What about implementing copy-on-write semantics? That would preserve the efficiency of sharing while allowing mutation. Since Arc only has two mutation primitives (set and lset), modifying those would be necessary and sufficient. You would have to have every object on the heap know how many threads referenced it, and if there was more than one, set/lset would copy and then mutate as opposed to simply mutating in place. (Disclaimer: I am not an expert.)

If I recall correctly, Termite's ports are essentially processes, which is what allows them to be passed around.

-----

3 points by almkglor 6457 days ago | link

scar, scdr, sref....

My problem is with this: http://arclanguage.com/item?id=7066

To summarize: Suppose Process A has an object a. It sends this object to process B. This object is a copy, a' (conceptually, in the language level). Now Process A sends object a to process B again. This object is a second copy, a'':

  (def process-A (process-B a)
    (==> process-B a)
    (==> process-B a))

  (def process-B ()
    (givens a
              (<==
                any any)
            a2
              (<==
                any any)
      (if (is a a2)
          (err "I somehow received the same object twice!"))))
So I also need copy-on-write and copy-on-message-pass-if-receiver-already-has-a-copy.

Edit: It is important for them to be separate because process B expects two separate objects, and it might mutate one without expecting the other to be mutated.

There was a solution in my old shared concept, but it involved an O(M log N) search, where M is the message size in number of objects and N is the number of shared objects the receiver has access to, which I decided was simply suboptimal compared to an O(M) copy (where M is number of bytes in the message, but still...).

Edit2: re: passing stuff around. My intent is to not integrate the actual passing-around-stuff-via-network server in the C++-side code; instead, the VM will provide access to plain sockets. Instead an Arc-side server would be defined, with its semantics standardized (but not implementation, so that you can, say, implement a "more secure" server, or use some other protocol, etc.).

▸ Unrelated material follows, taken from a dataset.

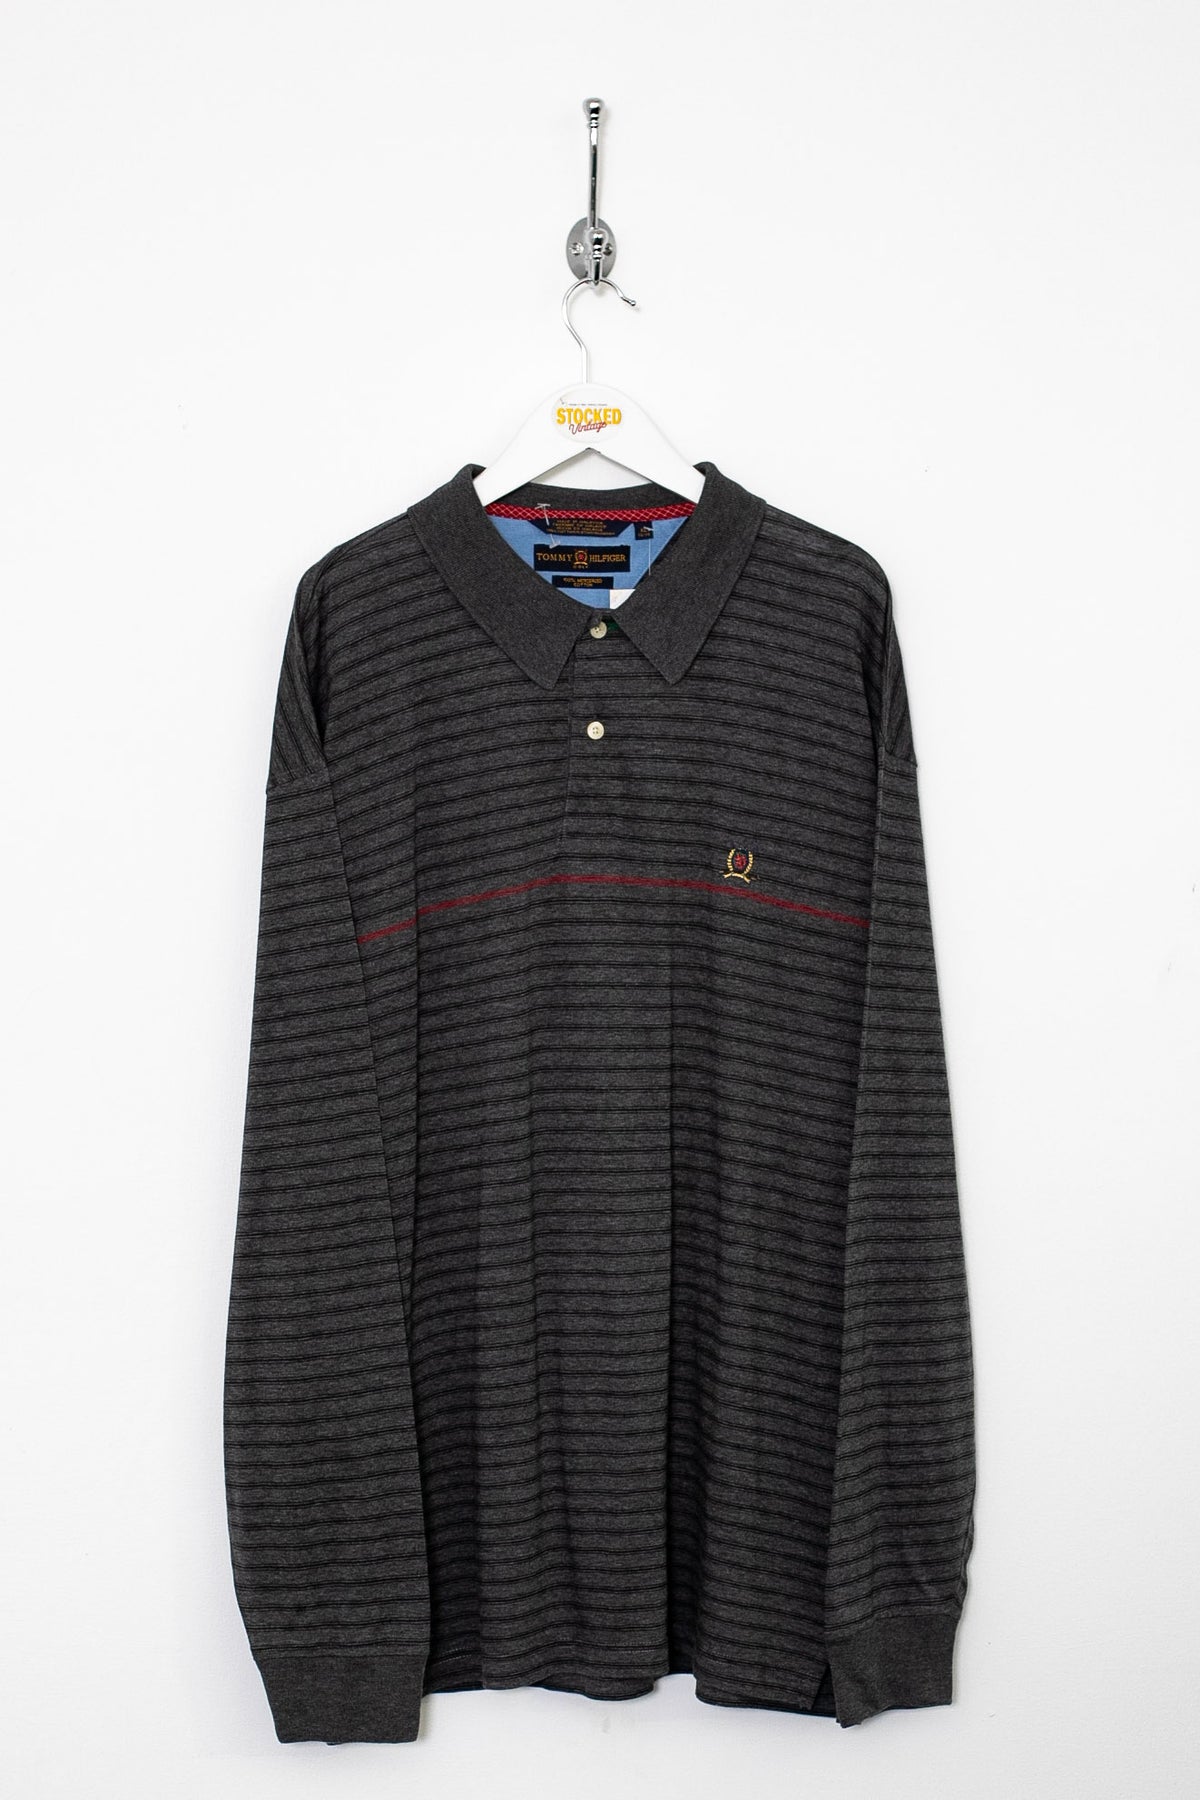 90s Tommy Hilfiger Long Sleeve Polo Shirt (XL)

Instead, if a server receives a serialized PID over its connection from another computer, it checks a table matching the PID computer and id number. If the table fails to match, it launches a "reflector process" which simply sends every message it receives to the server, for serialization, and inserts that into the table. The PID of the reflector proces is then used as the message sent by the server to the destination process. All PIDs then get this translation (obviously the table has to be bidirectional. so that a PID can be matched to the serialization of the PID.).

Obviously not only processes would require reflectors, but also ports if we want to pass them around ^^.

-----

2 points by shader 6456 days ago | link

Interesting problem. I bet this is why the erlang folks decided to use mutation-less, copy-everything, so that they didn't have to carefully think through every possible case. Maybe you could write your vm to automatically copy everything, and then have a means of coding exceptions. So, if you find that a certain specific case can share, you can add that to the list of exceptions. Otherwise, it copies, so you don't have to worry about unexpected errors.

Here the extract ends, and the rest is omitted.